“辛随,你怎麼運氣這麼好啊?”
小何少爺好像已經全然忘記了他和辛随的緣分本身就起源于對方逆天的好運氣了,他又自言自語地重複了一遍:“對哦,你總是很幸運。”
辛随被他這副可憐得不行的委屈樣逗笑了,說:“這樣不好嗎?”
他就搖頭,但很快又點點頭,兩人抱着一大堆布娃娃走出商場,在衆人豔羨的目光裡,繼續小聲地講:“那你像今天這樣不開心的時候,我還可以給你一些什麼呢?”
辛随腳步一頓,轉頭看去,何景樂目光清明無比,隻是眼睫卻溫和地垂落下來,看上去真的在為此而苦惱,他看何景樂,何景樂看地,兩人短暫沉默了一下,前者才歎道:“該笨的時候怎麼還聰明上了?”
何景樂誤解了他的意思,很快地說:“我沒,我就是希望你每天高興,不要總是為小事兒煩心。辛随,每個人都有自己的秘密,我理解,你不想說,我也不會問——”
“那要是我想告訴你呢?”辛随突然打斷他,目光灼灼地反問。
“不,别勉強,我知道你不想說。”
“……”一生要強的華國男人來勁了,辛随道,“不,我就是想說。”
“不,你不想。”
“我就要說!”
“啊不聽不聽不聽!”何景樂拿手上倆玩具熊塞耳朵。
深夜的小路上,他倆跟神經病似的你來我往鬥了不下五個回合,把人家一樓後院裡睡得正香的狗氣得汪汪直叫,場面突然變得一點也不适合談心了,又過一會兒,辛随轉過頭,手背抵着唇,無聲地笑了。
何景樂也意識到他們倆的對話好像走上了一條未曾設想的道路,于是咕哝着把手放下來,自己還挺不樂意:“我這不是充分尊重你的隐私麼?”
“倒也不用這麼尊重,你不說我還以為你在拿我練相聲。”
辛随還在笑,他拉着何景樂繼續慢慢往前走,到了十字街口,很突然地說:“今天那女生叫季先。”
話題變得太過突兀,何景樂愣了一下,才将這個名字和今晚的那個人聯系在一起,他不再說話了,隻點了個頭,表示自己在聽;但辛随卻很長時間沒說下一句,于是他忍不住問:“季先,然後呢?”
袒露過去并不是辛學長的強項,他斟詞酌句,每句話都間隔很久:“……季先和我是很多年的同學,我們高中起關系就一直都不錯,後來進了大學,有次參加比賽,她先一步提交我的創意,拿了第一名。”

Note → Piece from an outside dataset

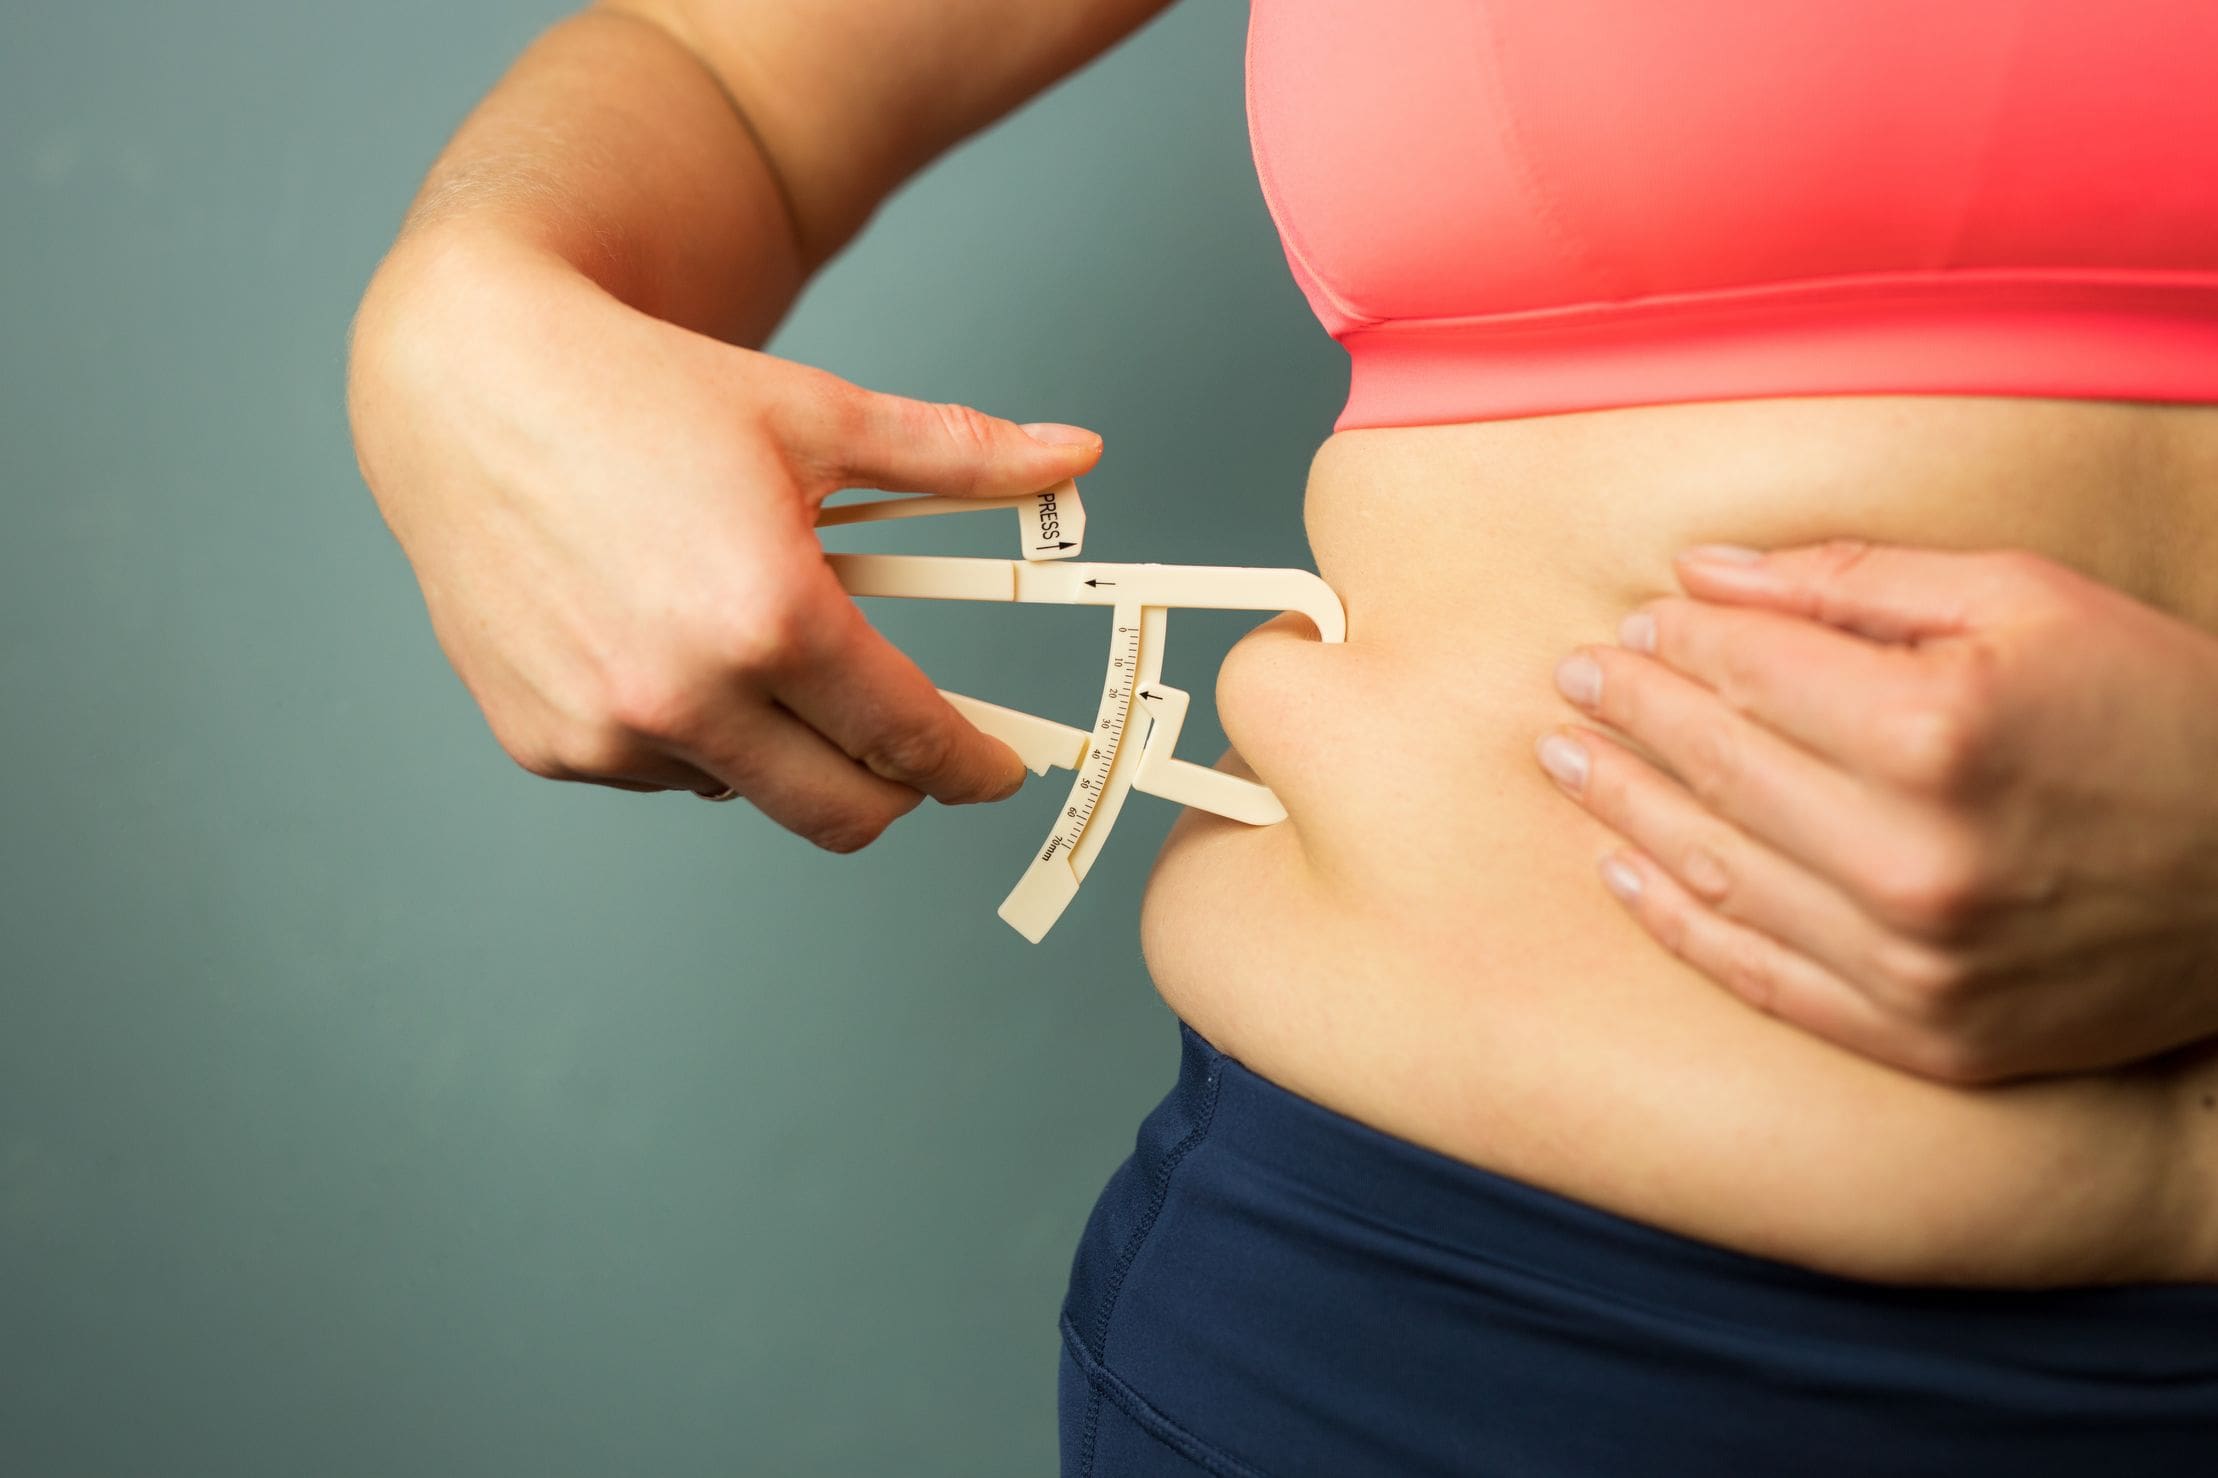 Does duration of obesity up cancer risk in women?

前塵往事,恩怨瓜葛,經曆時覺得痛苦不堪,真說出來,原來也不過就幾句話的功夫。
辛随沒準備講完全文,隻是輕描淡寫地三兩句話就将事情概括,可是他的小男友好像不這麼想,因為何景樂眉心緊皺,感同身受地攥緊了他的手掌心,嘴巴張了又張,最後隻是偏開頭道:“……怎麼這樣啊!”
他便又笑起來,伸出一根手指,推沙丘似的将對方眉頭推平了,才繼續說:“沒關系,那也是很久以前的事情了。”
何景樂又不吭聲了,憋了半天,最後從牙縫裡擠出一個“靠”。
其實他有許多想說想問的,例如抄襲是可恥的,又例如當時知道這件事的辛随為什麼沒選擇揭發,可是這些話在他嘴巴裡交替着過了一圈,他又覺得不值當說。
小何少爺某些時候還是很有些眼力見的,他想,既然辛随都已經說是過去了,那麼,不管過不過去,就都不應該再提了。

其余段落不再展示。